World Champion Jessica Crisp has had arguably the worst injury in the history of the indoor events when, during a warm up session jumping the ramp, she snapped her leg and had to have emergency surgery in a French hospital. This was at the height of her professional career and fame across Europe.

The most famous indoor champions include Robert Teriitehau, Jessica Crisp, Robby Naish, Nick Baker, Eric Thieme, and Nathalie LeLievre.

Riders

Wavesailing
Wave sailing took off during the rapid development of windsurfing on the Hawaiian islands of Oahu and Maui.  It can be seen as comprising two distinct (but related) parts, wave riding and wave jumping.

A typical wave contest will score two jumps going out and two wave rides coming in.

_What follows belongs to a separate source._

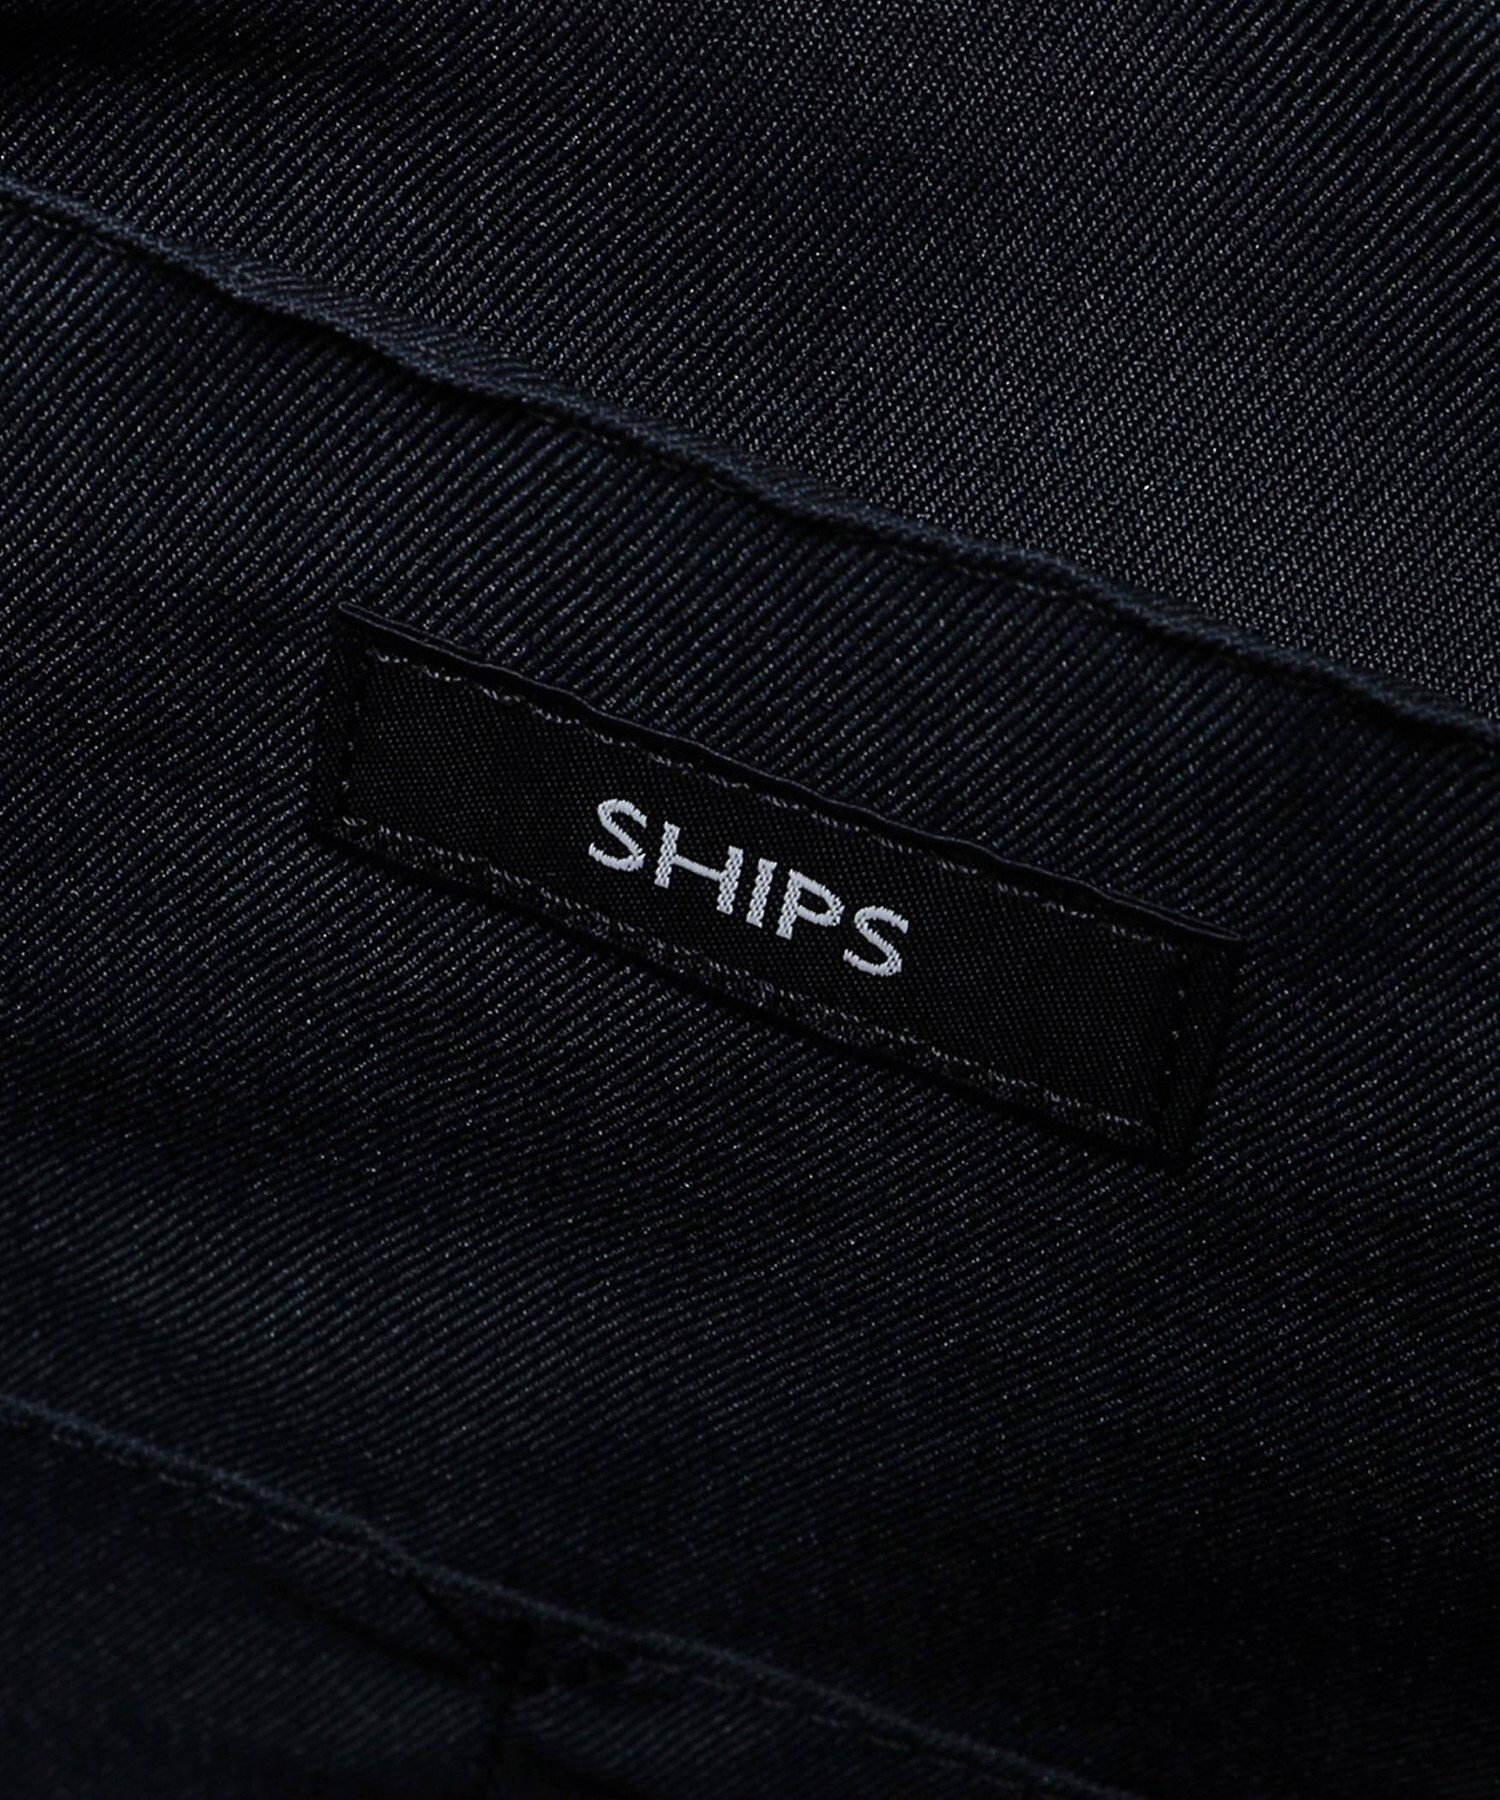 SHIPS: スマート レザー ヴァーティカル トートバッグ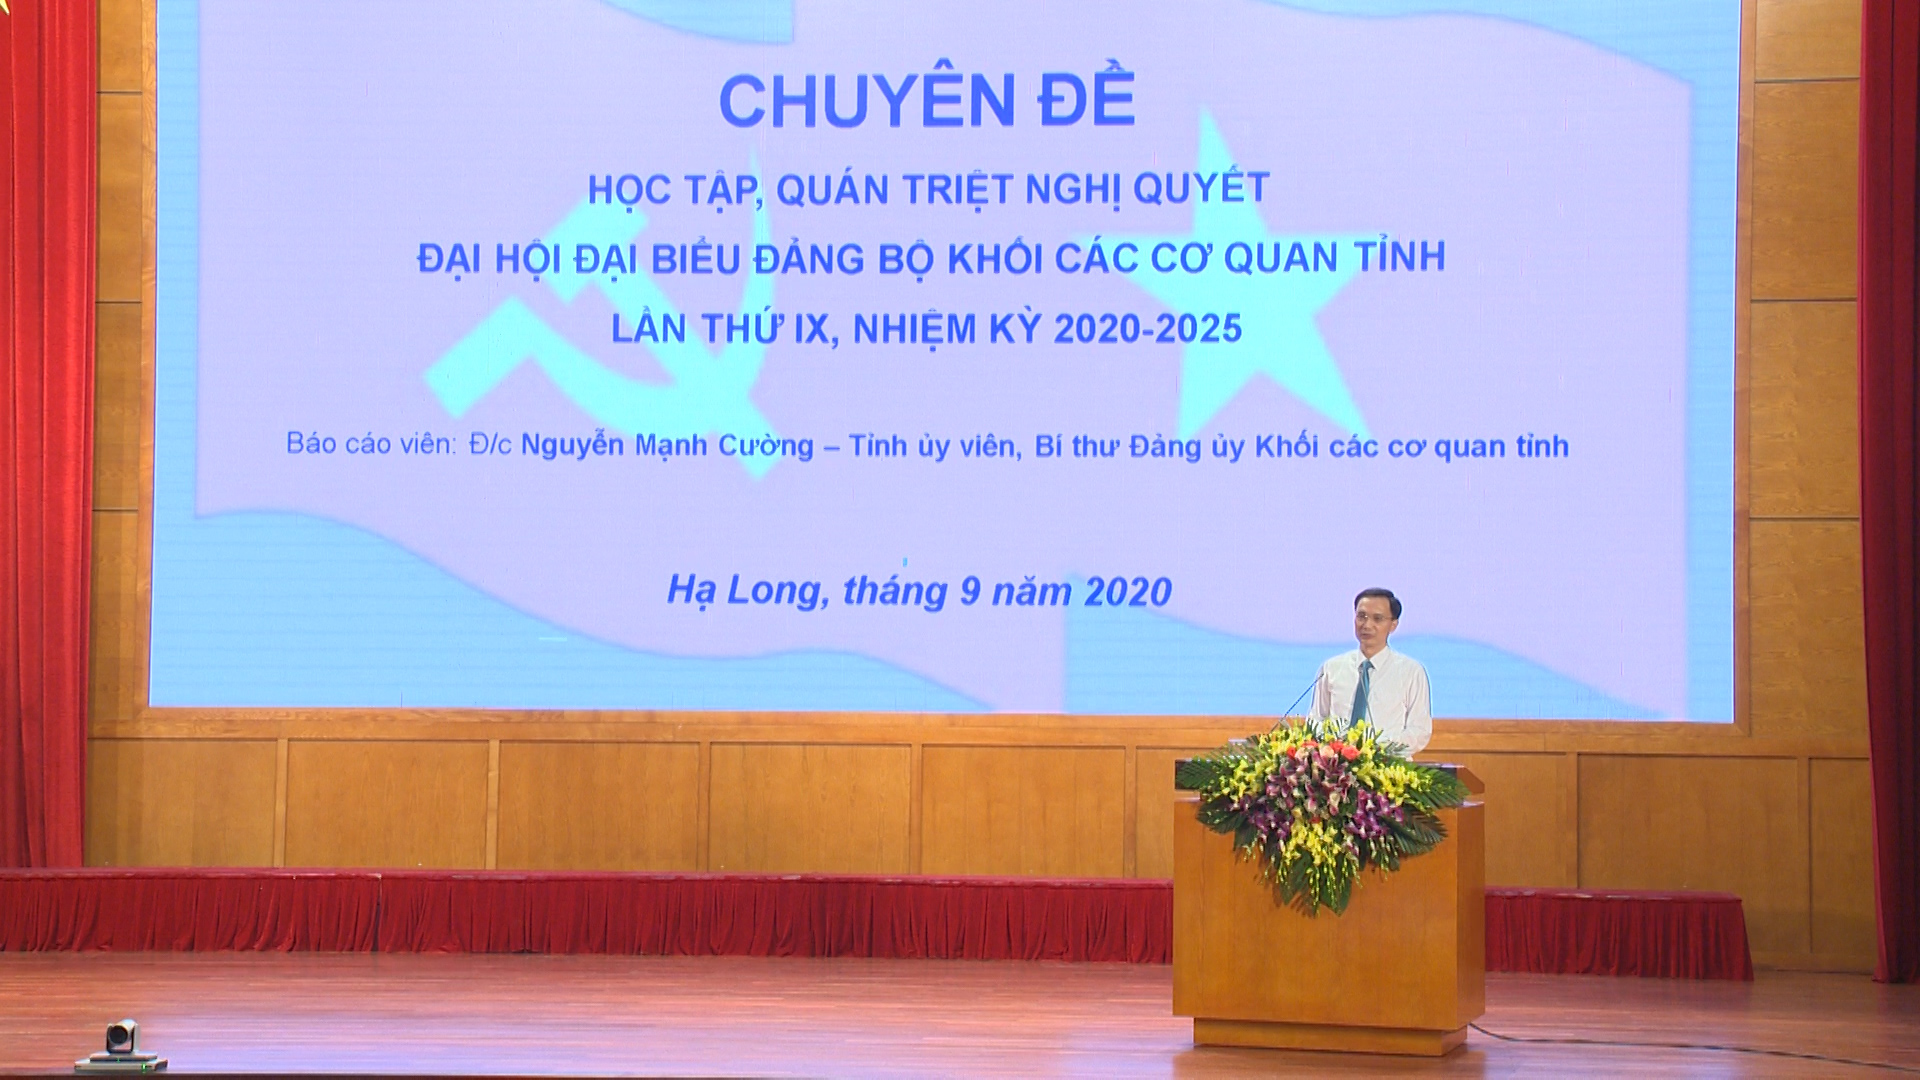 Đồng chí Nguyễn Mạnh Cường, Bí thư Đảng ủy Khối các cơ quan tỉnh quán triệt các nội dung tại hội nghị

A high scoring heat would consist of a double clean forward rotating jump, a high one foot backward rotating jump, a long wave ride with flowing bottom turns, radical top turns, a series of aerials and a 360 aerial manoeuvre on the face of the waves such as a 'goiter', 'taka', wave 360, planing forward or clean flowing back-loop. Depending on the conditions at the location, some competitions will focus more on jumping while others focus more on the wave-riding aspects.

The most famous wave riding locations on earth include: Ho'okipa on the north shore of Maui, Diamond Head on Oahu, Klitmøller in Denmark, Pozo and Tenerife in the Canary Islands, Cabo Verde off the north west coast of Africa, Moulay in Morocco, Margaret River in Western Australia, Pacasmayo in Peru, Topocalma in Chile, and Omaezaki in Japan.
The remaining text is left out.